Despite months of preparation, the St Patrick's Festival falls foul to the foot and mouth crisis.
Due to an outbreak of foot and mouth disease in the United Kingdom, social and cultural events in Ireland are being cancelled or postponed. The £1.3 million St Patrick's Festival, the biggest street party of the year is cancelled, but organisers are hoping to transfer the event to the early summer.
For theatre companies like Down to Earth, St Patrick's Day is the focus of their year. Shane O'Doherty says the company gets a large number of bookings from the television coverage it receives at the St Patrick’s Day parade.
For the rest of the summer then we’re kept going, this year it’s not going to happen like that.
St Patrick's Festival attracts drawing hundreds and thousands of visitors to Dublin.
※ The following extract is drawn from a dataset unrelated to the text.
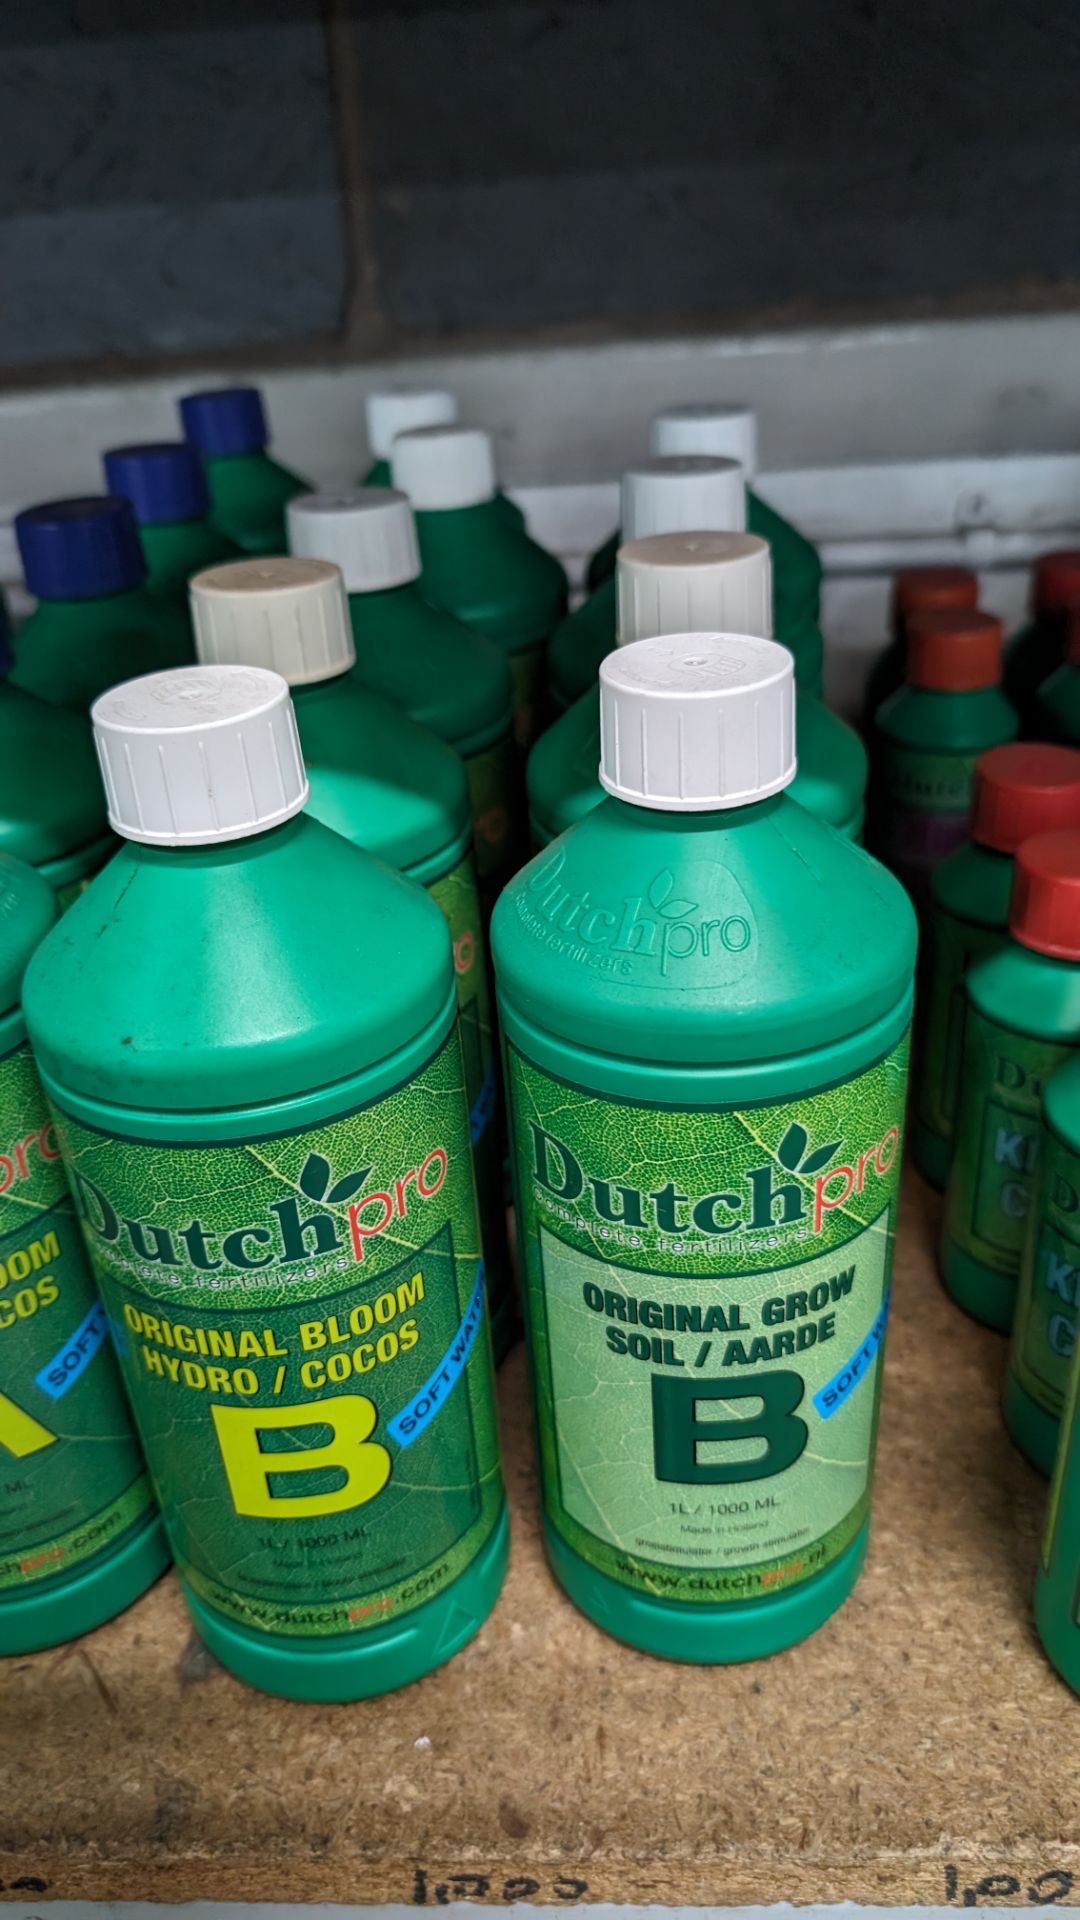 18 off 1 litre bottles of Dutch Pro Original products, comprising 4 off 1 litre bottles of Grow Soil - Image 4 of 4

Many of those now will not come. General Manager of Buswells Hotel Paul Gallagher is expecting the worst but it is too soon to know how bad the level of cancellation will be.
The chief executive of the St Patrick's Festival Maria Moynihan says the cancellation of the March event is a financial blow, but really
The main cost is in people’s disappointment.
She insists the event is postponed not cancelled and is working on finding an alternative set of dates to hold the four-day celebrations.
Effectively we’re a party waiting to happen right now because all of the pieces are in place and that people can use us as a means to celebrate, we can be the light at the end of the tunnel.
An RTÉ News report broadcast on 2 March 2001. The reporter is Brian Dobson.